Figure 1: Average sentence length for 480 French novels from 1900 to 2015
The first graph (figure 1 above) shows the average sentence length for the 480 French novels published during the time between 1900 and 2015. Every red dot represents one novel, and its position on the x-axis indicates its date of publication while its position on the y-axis indicates the average sentence length, measured in the number of words, of that novel. It is easy to see that most of the novels have an average sentence length somewhere in the range between 10 and 20 words per sentence. It also appears from this graph that there is no real change over time. Rather, most novelists stick to that range, whether they write in the 1930s or the 1990s, although interestingly, they do so with particular discipline between 1930 and 1950, roughly.
However, the number of writers choosing to depart from this unwritten rule and use longer sentences does increase after 1970 or so. The most extreme case is a novel with an average sentence length of 137 words, Claude Simon’s Tramway published in 2001, although this is as much a matter of punctuation habits as of sentence complexity. Earlier examples of novels with long sentences can be seen in the 1910s and 1920, most of which are actually the different volumes of Marcel Proust’s À la recherche du temps perdu, notorious for its long sentences (and overall length).

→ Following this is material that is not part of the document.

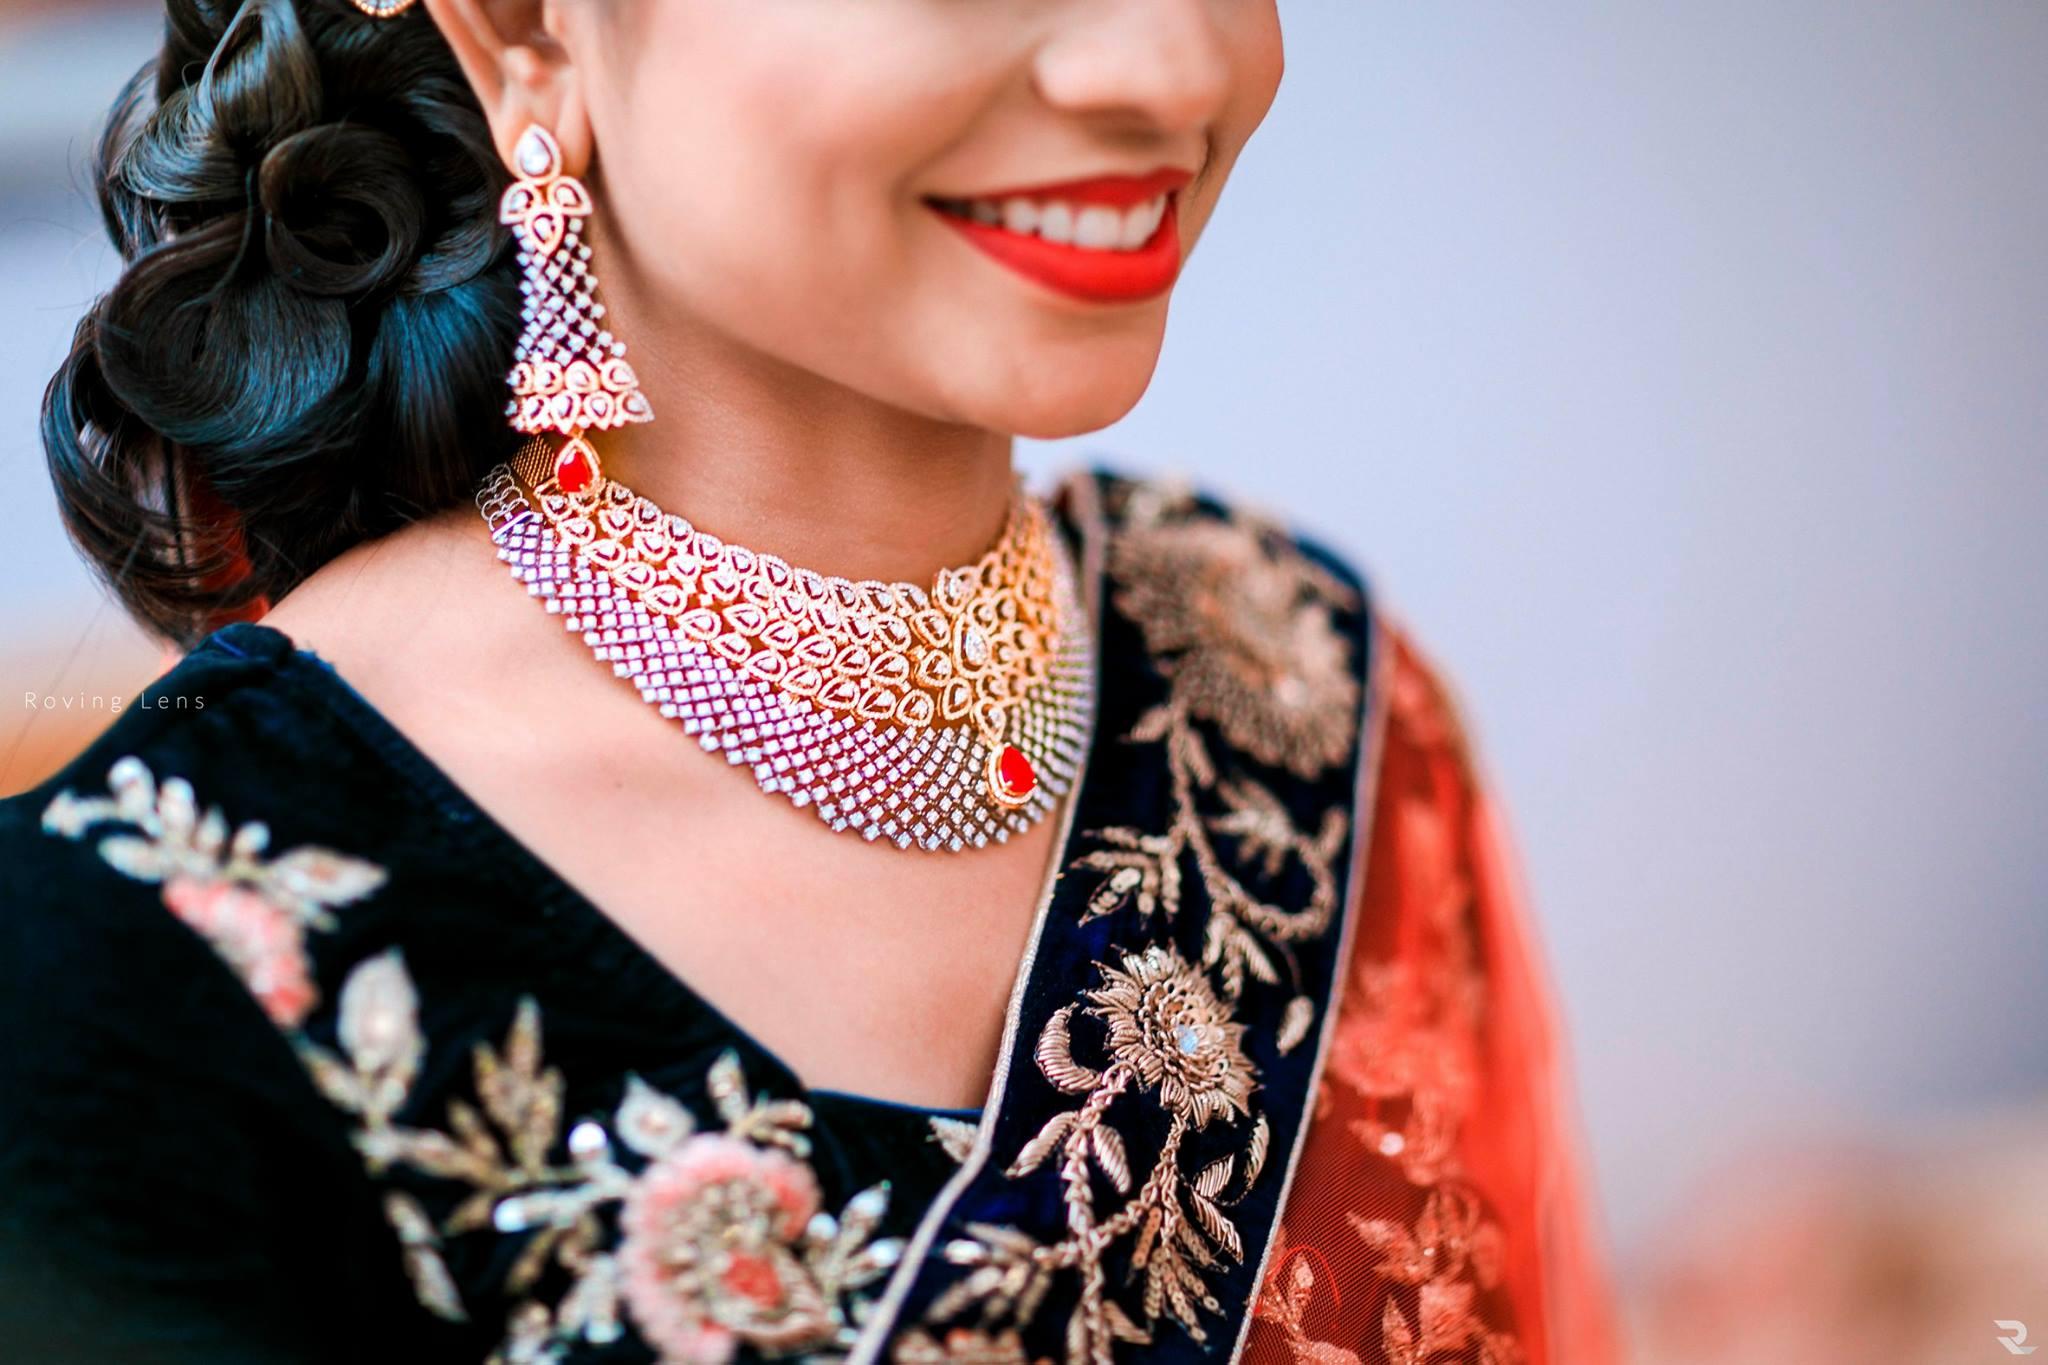 Artistic Diamond Jewelry with Red stone

On average, these French novels taken together have a mean sentence length of 15.7 words, with a range from 5 to 137. The shortest sentences on average, by the way, are used by Céline, with only slightly more than 5 words per sentence on average in some of his novels, although this is again, of course, heavily influenced by punctuation habits.
Figure 2: Average sentence length with an additional 104 works by Simenon
The second graph (figure 2 above) adds Simenon’s publications to the graph, in three groups: The Maigret novels (green), the psychological novels (yellow) and the autobiographical writings (blue). It becomes clear from this that Simenon does use rather short sentences in both of the novelistic genres he practised. At least, his mean of 12.1 words per sentence is noticeably lower than that of the novelists generally. However, it is also clear that he is in no way exceptional in this respect, as virtually all of Simenon’s novels stay safely in the range occupied by most other novelists as well, that is, between 10 and 20 words per sentence. The mean value of the French novels overall is, after all, influenced by the small number of novels with rather high sentence lengths. Finally, it becomes clear that for the two novelistic genres, there is hardly any chronological development inside Simenon’s work, although on could be tempted to see slightly higher values in the years around 1955 than before and after. This is not a very clear trend, however.

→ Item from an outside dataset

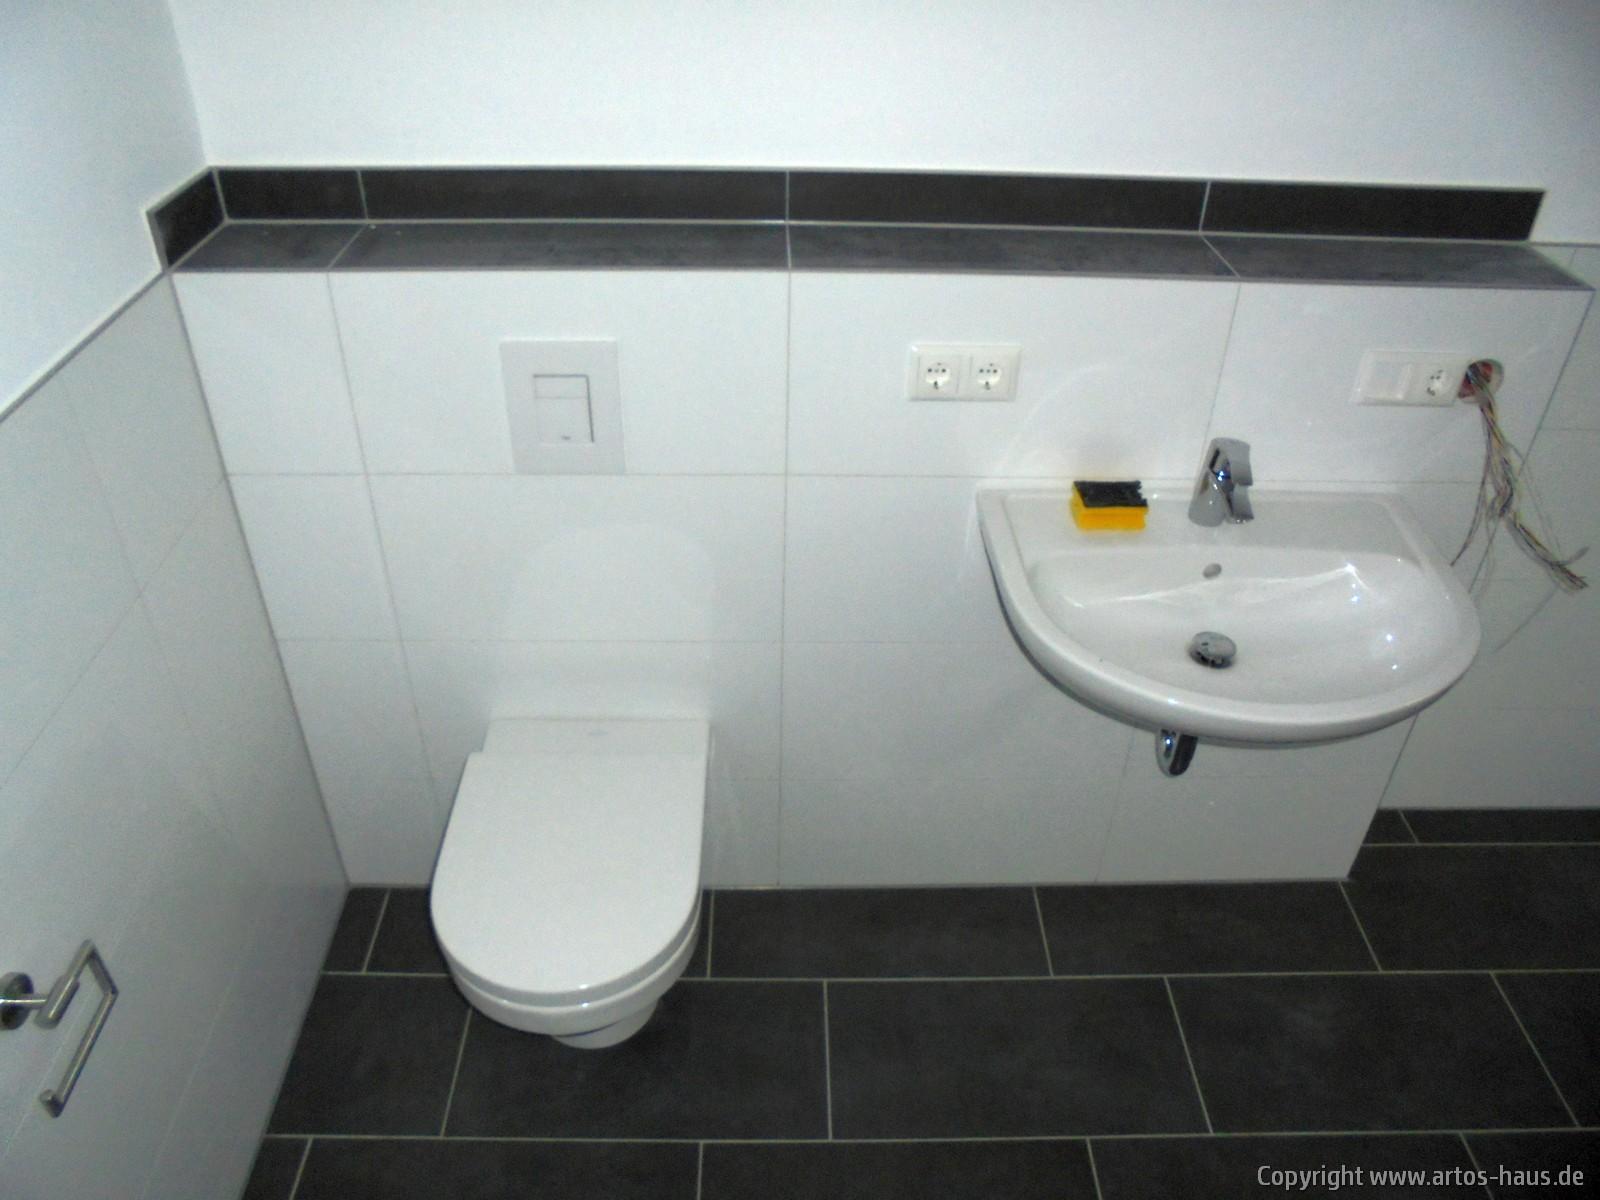 Sanitärmontage, ARTOS-HAUS Bild 2

Figure 3: Detailed view of the Simenon texts only.
Remains the question of whether there are systematic differences between the various genres practised by Simenon. Figure 3 shows just the Simenon texts in a close-up view of the above graph. The psychological novels do have a slightly more elevated mean sentence length than the Maigret novels (12.6 vs. 11.5), but this is barely significant and certainly no explanation for the fact that the Maigret novels have been so much more successful commercially. The autobiographical writings do have a clearly higher average sentence length, with a value of 18.3 words per sentence. There are several interesting hypotheses to be considered to explain this. What makes this question tricky is that Simenon stopped writing novels completedly in the years when he wrote the largest part of this autobiographical material. This makes it hard, methodologically speaking, to decide whether the underlying reason for the autobiographical writings’ longer sentences is a question of genre or one of chronological development.

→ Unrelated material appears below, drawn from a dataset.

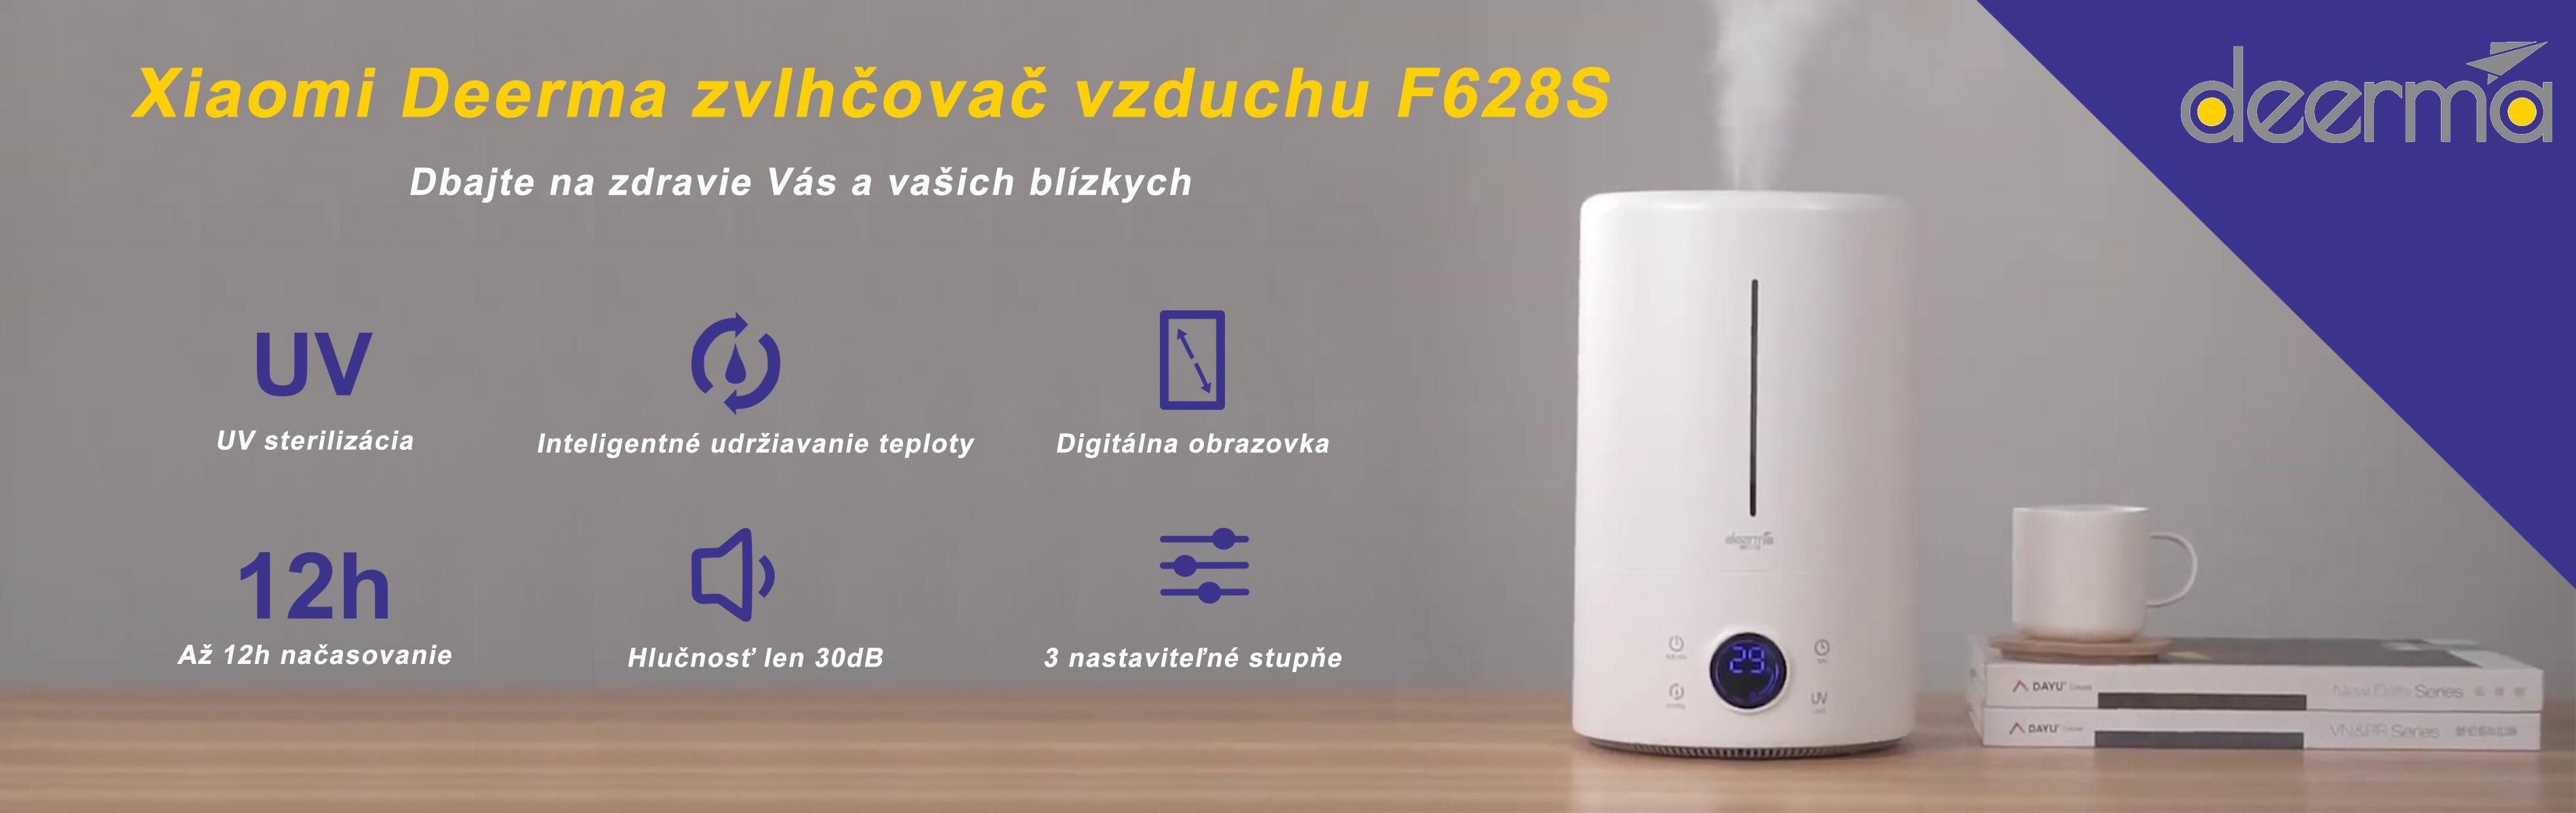 Xiaomi Deerma zvlhčovač vzduchu F628S

One hypothesis, which considers this to be an effect of literary genre, would be able to explain why the novels have shorter sentences than the autobiographical pieces, for instance by pointing out that novels contain relatively high proportions of dialogue and direct speech and that direct speech is known to be built with shorter sentences than narrative. However, it is not clear whether Simenon’s autobiographical writings really do contain less dialogue than his novels (this is something to investigate using the methods for direct speech detection in the absence of clear typographical markers we recently presented at the DH conference 2016 in Krakow). More importantly, however, the two autobiographical texts written in the 1940s and the 1960s, respectively, do not participate in this trend. They have an average sentence length on the same level as many of the novels written during that time. So it may seem that this difference is more about chronology than about genre, but if this is the case, the later development is not prepared by an earlier trend towards longer sentences.
Another hypothesis, however, would relate the difference between the novels and the autobiographical writings neither to genre or time, but to the mode of writing. In fact, Simenon did not himself physically write the later autobiographical materials using a pen or typewriter; rather, he recorded them using a dictaphone and they were later transcribed. This could explain why the earlier autobiographical writings, which were written by Simenon himself, have shorter sentences, while the later ones, which were dictated, have longer sentences. Whether this is an effect of the writing medium, in Nietzsche’s sense, or an effect of the transcription habits of Simenon’s transcriber(s), remains an open question.
Final thoughts
For one, a note for the data-minded readers: As usual, the code and some of the data are available online in the CLiGS project repository. I am not able to make the full texts available, for obvious but unfortunate reasons of copyright. However, the repository includes the code used to analyze the texts as well as the table of results with some basic metadata as well as the values for number of sentences, number of words, mean and median sentence length, and standard deviation of sentence length. Maybe this can serve as a comparison point for other people’s investigations. Also, of course, it contains a lot more detailed information, with metadata and results for each novel, than what can be shown in a chart.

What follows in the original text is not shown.